Source:
https://scmp.com/news/china/article/1252835/chinas-hydropower-expansion-plans-defy-lessons-three-gorges-dam
China

China's hydropower expansion plans defy lessons of Three Gorges Dam

The Three Gorges Dam, a model for 50 dams to be built in the country, is facing a number of "urgent problems". Photo: Reuters

A decade after China began filling the Three Gorges Dam, concerns about the project's environmental and human cost endure even as the country prepares a huge hydropower expansion.

More than 1.2 million people were displaced as the water in the dam, which started accumulating 10 years ago on Saturday, submerged scores of towns and communities, and thousands of poorly compensated migrants remain mired in poverty.

But the nation's growing thirst for energy means the Three Gorges, which generates roughly as much electricity as a dozen commercial nuclear reactors, is a model for 50 large dams to be built in the country, according to the current five-year plan.

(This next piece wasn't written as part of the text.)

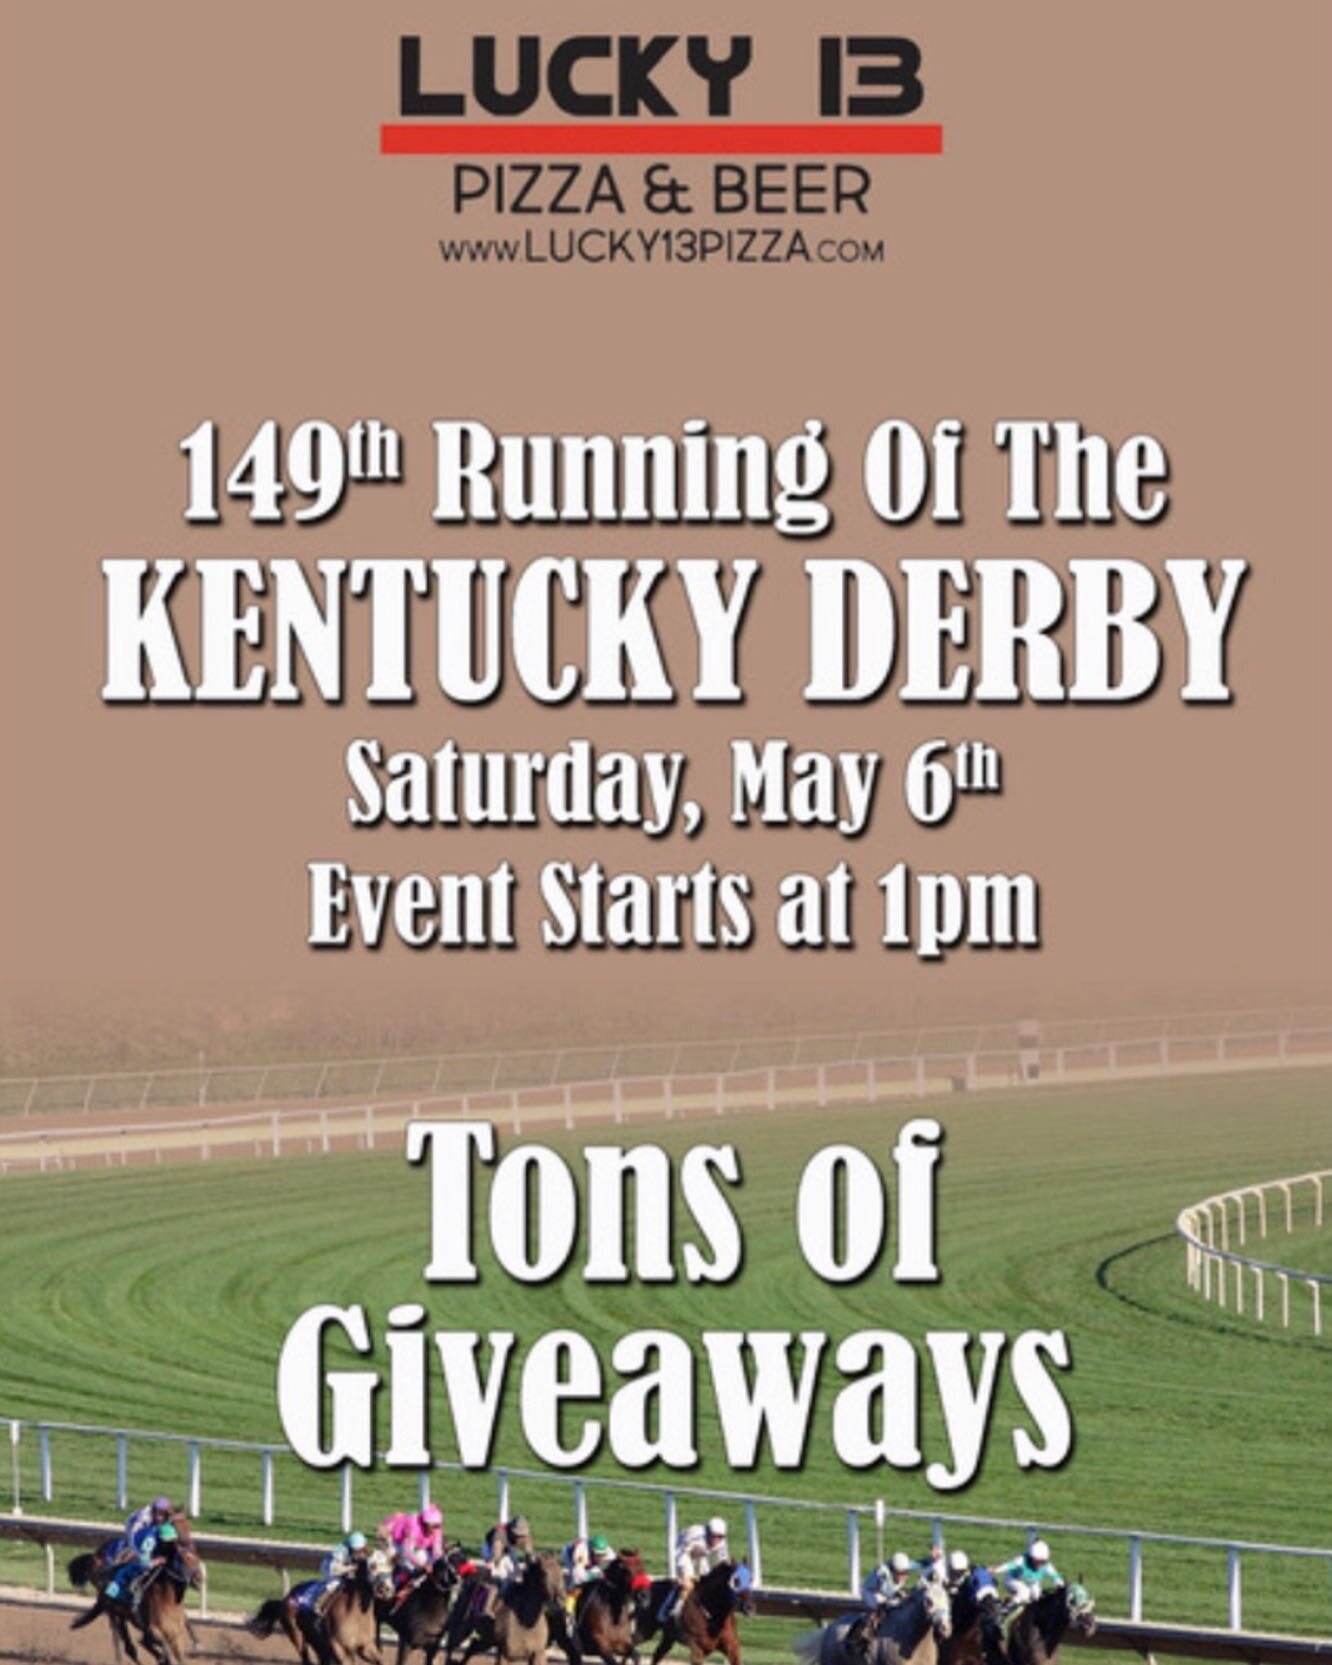 Join us at @lucky13pizza on Sat. May 6th for the Kentucky Derby. We will have Mint Juleps, best dressed contest, tons of giveaways and prizes. Grab your big hats and blazers and we&rsquo;ll see you at @lucky13pizza

Those barrages will crank out more than the hydropower capacity of the US, putting China - already the world's largest hydropower consumer - on the way to providing 15 per cent of its energy from renewable sources by 2020.

China's state-run media has praised the Three Gorges Dam for generating more than 88.2 terawatt hours (TWh) of electricity last year - more than France's entire yearly output of renewable energy, and exceeding the project's original goal.

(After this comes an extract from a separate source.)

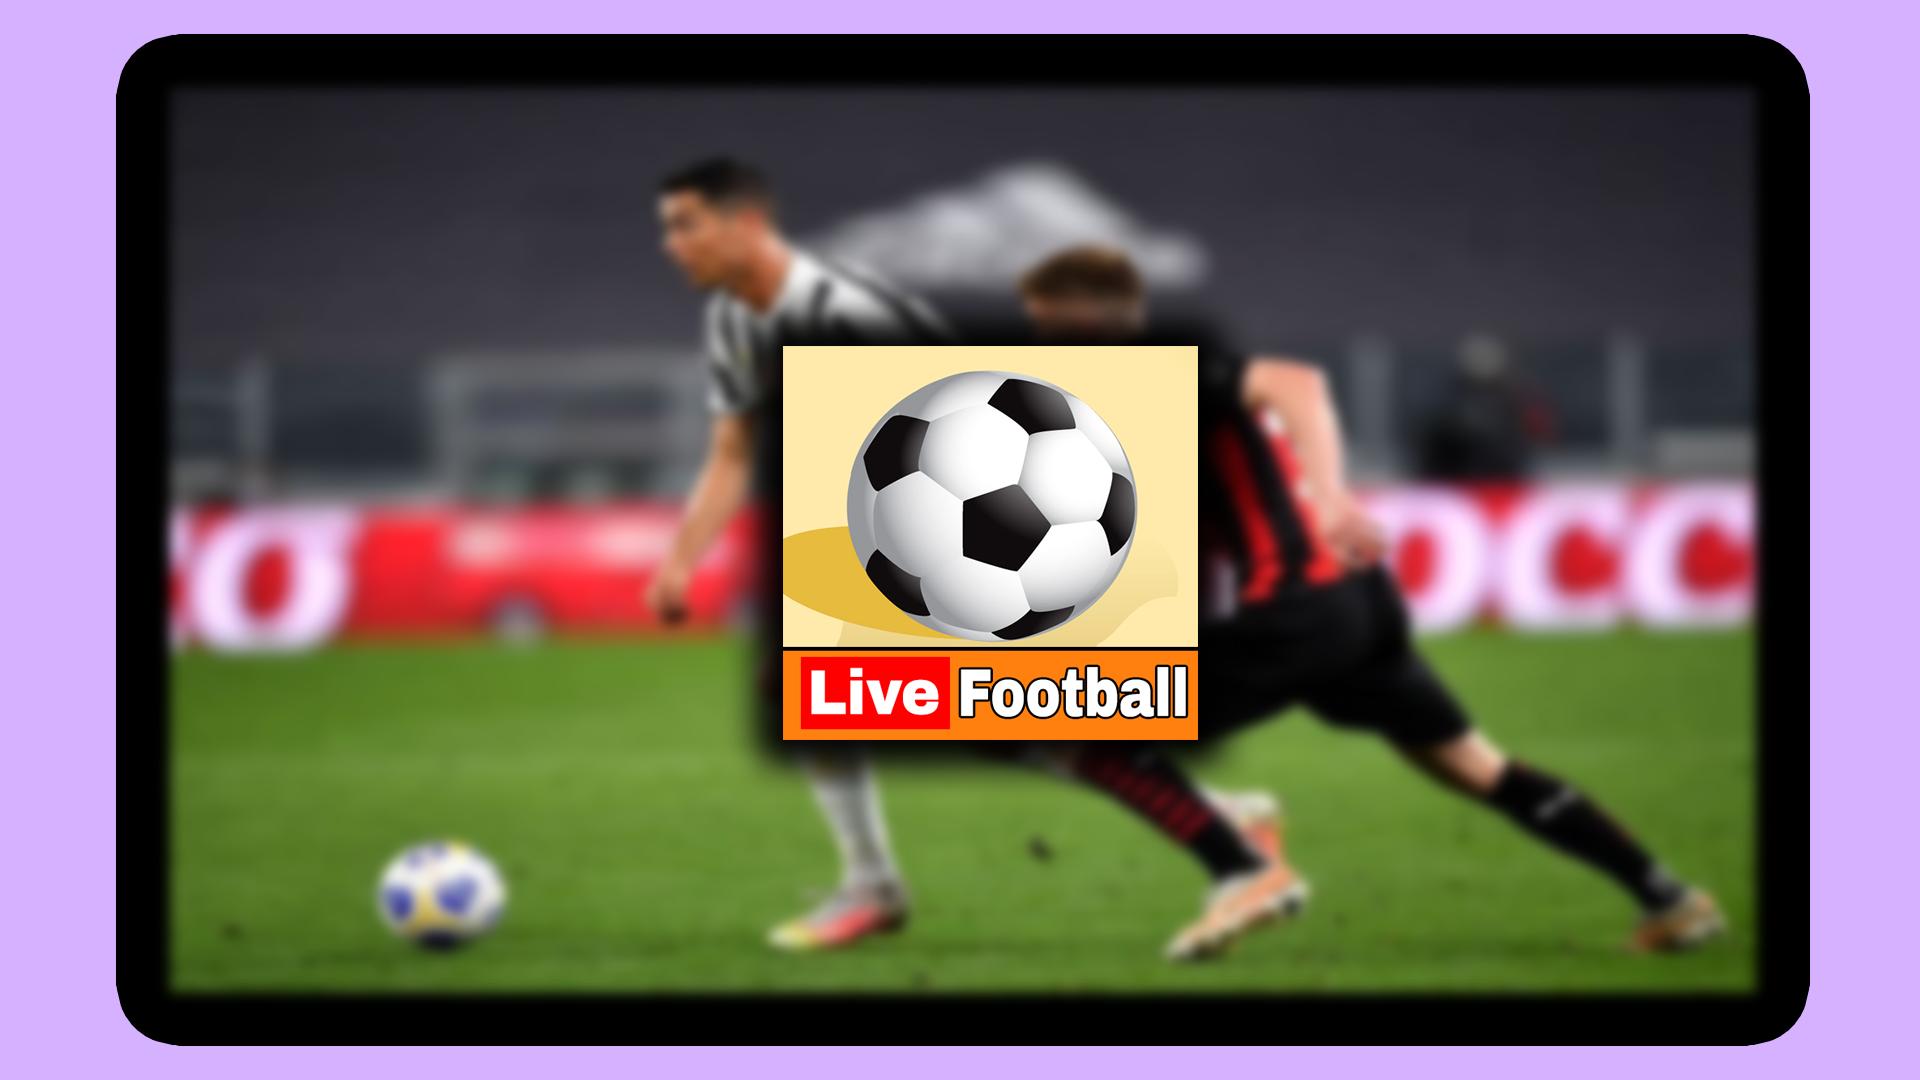 Live Football Score TV for Android - APK Download

The huge reservoir has also been hailed for lessening the floods that have plagued the Yangtze River, claiming thousands of lives as recently as 1998.

But the dam has been blamed for amplifying changes in weather patterns that in 2011 produced the Yangtze's largest drought in half a century, while heavy rainfall has continued to flood cities downstream, killing hundreds.

As dam officials sacrificed energy generation to release water to combat the drought, the State Council, or cabinet, made a rare admission that the dam faced "urgent problems", including the relocation of migrants and ecological damage.

A migrant whose home was submerged said he refused to accept government compensation, saying it was too little and that land assigned to migrants had been sold by local officials.

"The land they compensated us with was scattered in the areas across the city no one else wants. We can't run a business there. Of course we can't sign the agreement," Luo Xianwen, 69, said.

The much-touted power of the dam to boost shipping on the Yangtze - turning it into a highway for large tankers for the first time to reach the inland city of Chongqing - has proved limited.

The ambitious plans for more dams have left some in China's environmental movement feeling powerless. "Industry and local governments support these hydropower projects because they'll profit from them," Dai Qing, who was in prison for her opposition to the Three Gorges Dam, said. "And they will be built no matter what local people say."